Actually I think he is differentiating between the scope of the QMS and the scope listed on the ISO cert. The cert scope is usually pretty simple -- "we make things." The QMS scope would be more detailed and deal with various processes, exclusions, etc. -- what is included and not included in the QMS.

 

[Golfman25]

I know of a client who was warned, by their CB auditor, that their IATF auditor training certificate MUST reference ISO 9001:2015! It would become a MAJOR nc at the stage 2 if not fixed.

Would someone help me to understand the value in this?

While there is zero value, it seems to me the lazy auditor's way of "proving" you where trained to the current standard and not some outdated version.

 

[AndyN]

Many companies have opted to eliminate the quality manual (which is allowed by 9001:2015); however, they still must maintain documentation on issues (4.1), interested parties (4.2), and scope (4.3). It is arguable whether 4.1/4.2 are required as part of the scope, but most find it easier to skip the argument and include them into some sort of organizational context (4.0) document (no need to capitalize until you give it a name).

Surely, if an organization has understood the "needs and expectations of interested parties" why have they dispensed with their Quality Manual? I've yet to find an organization that a) has customers who don't want to see some form of quality manual and b) need some form of road map to the QMS.

 

[AndyN]

While there is zero value, it seems to me the lazy auditor's way of "proving" you where trained to the current standard and not some outdated version.

I think you give too much credit...

 

[Sidney Vianna]

Auditors are our friends, even if, as them, they’re sometimes scary.

Even when they line their pockets by issuing NC's?
Apparently, at least, one CB charges fees when reviewing corrective action plans for issued nonconformities, based on the information we get @ the Registrar Charges Per CAR Written thread.

 

[Pancho]

Sorry I ain't bashing with y'all. Most of us, humans, want to do good, act professionally and meet the standards of our employer, our trade and our ethics. Sometimes we miss, though it is rarely a problem with motives or competence. Ain't it the system?! We preach this to and of employees. Why not suppliers? Are they different? I don't think too much so.

We rightfully expect high quality from suppliers (especially auditors) and it is much harder to correct recurring problems from them. But the same problem-solving techniques we use internally can work with supplier non-conformities. You ask who has time to deal with these issues. Really? Who has time to not deal with them?

External auditors suffer from information asymmetry. They know a lot from their exposure to many diverse clients, but little about a particular client's business or specific processes. This can cause overconfidence and mistakes. But not usually stupidity nor malice.

The few times we've had whimsical findings, we talk to the auditor and the issue is resolved quickly, with minimal time loss. And if it weren't, we shouldn't be wasting time getting emotional, or taking uncalled for CA on the whim.
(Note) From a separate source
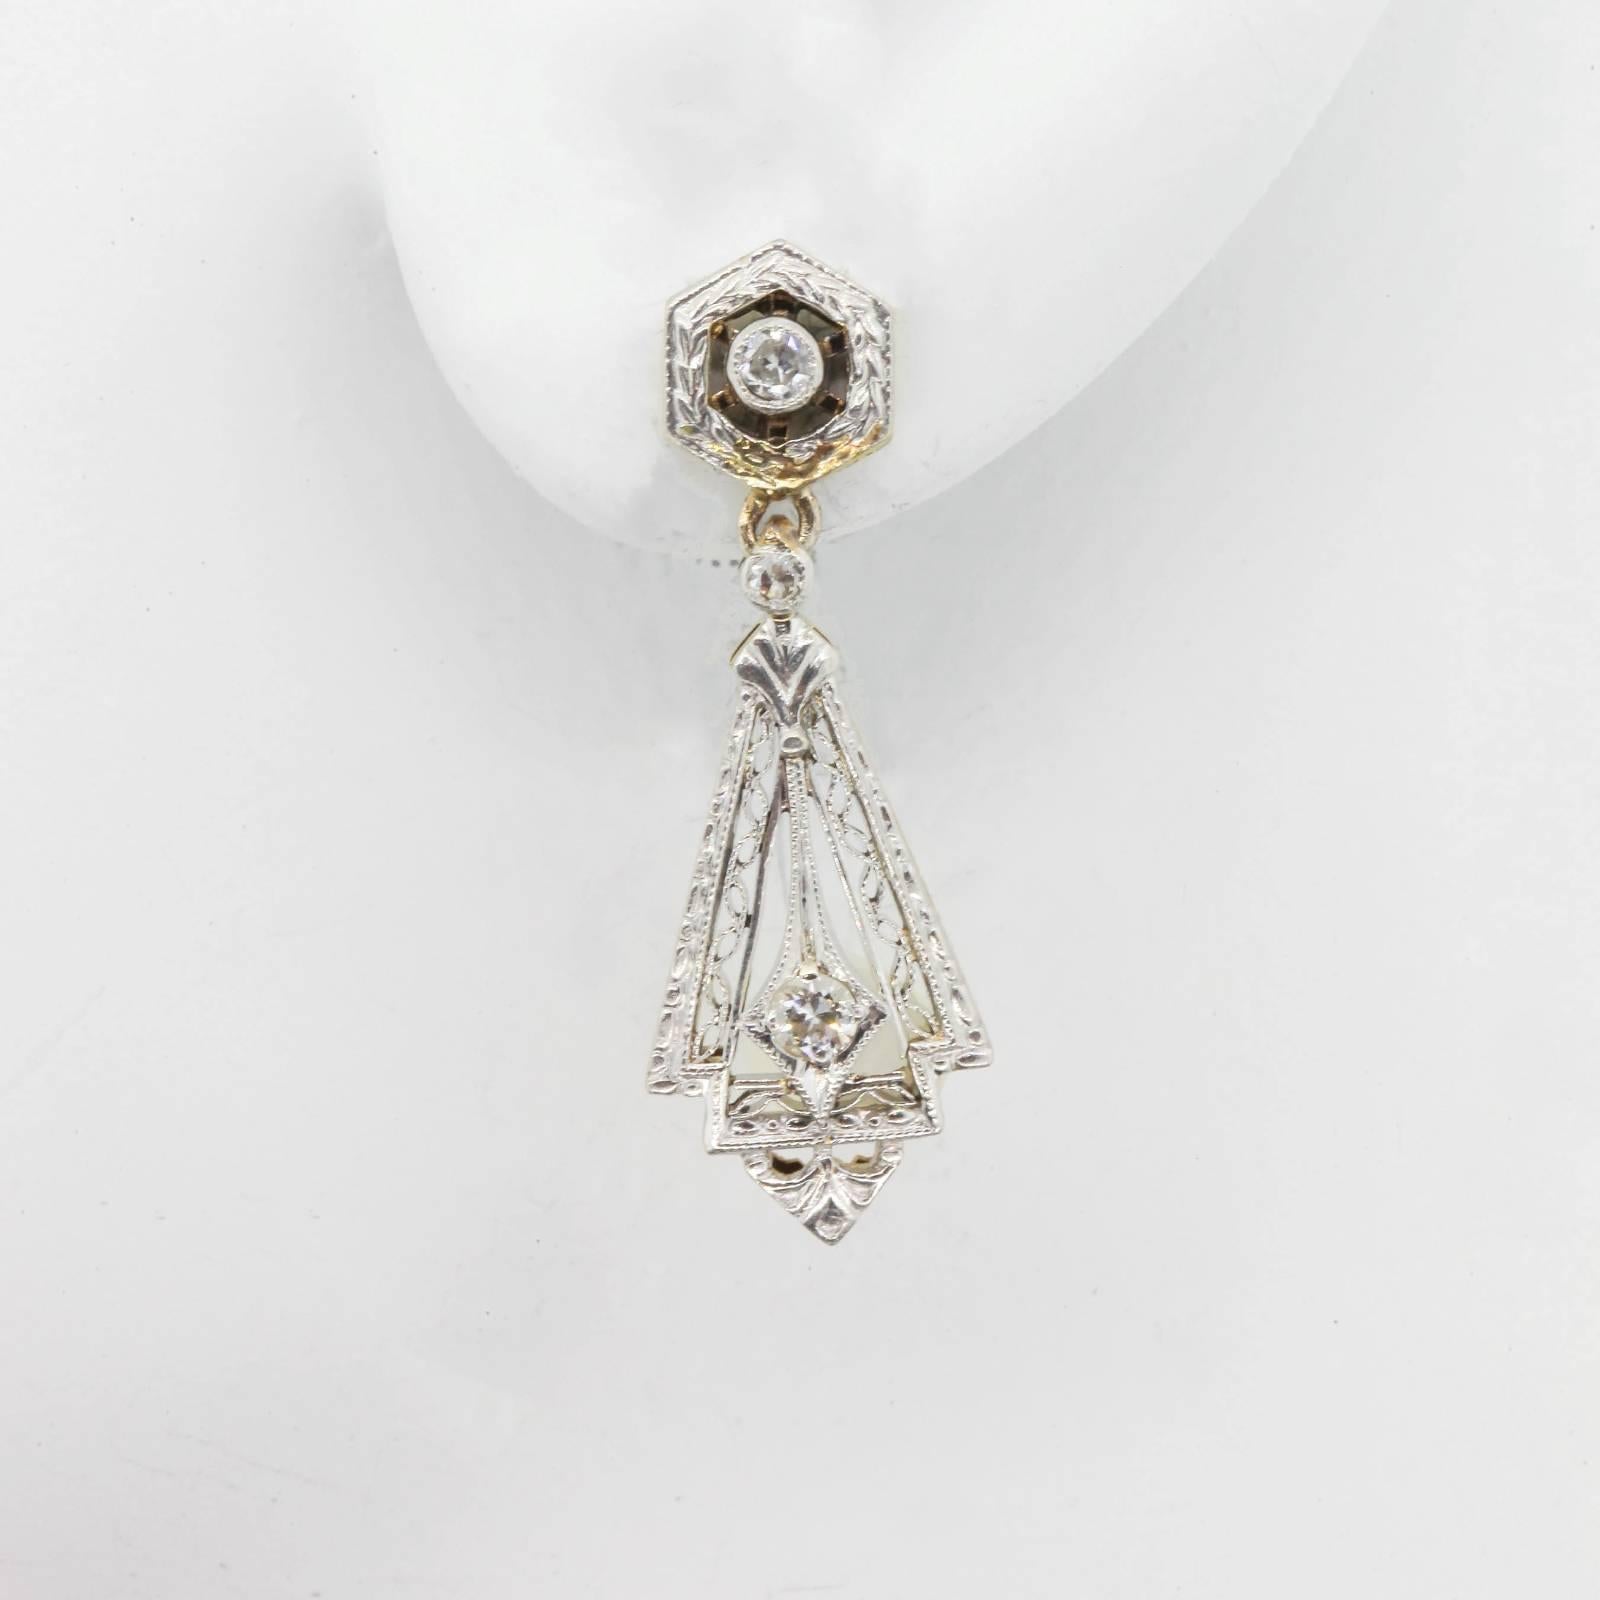 These antique earrings converge different lineal shapes resulting in a perfect union.  They are fabricated in platinum topped 14Kt yellow gold with delicate filigree and hand engraving, and are accented with 0.24 carart of old cut diamonds.

Why is the auditor writing silly things? Once you find root, take action: explain, document, escalate, change supplier, etc. CI works on all issues. Likely someone at the CB knows this too.

 

[Nadaabo]

Hi Stevey,
I am currently taking a course on understanding the ISO 9001:2015 standard.
They outlined how with the new standard, you have to be able to show that you have considered the external/internal issues, interested parties and products and services.
We have two scopes, a brief one liner for our certificate and an entire paragraph that spells out where we are, what work we do, where we belong in our corporation, etc.
The only benefit to adding the delivery on your scope is that when other companies are searching for vendors (like you guys), they will read through the brief statement and consider your company as a potential vendor. If delivery is a service that is provided that gives your company an edge over others, then it is a bonus.
It is silly if the auditor tries to give you a non-conformance, all it is is an opportunity for improving.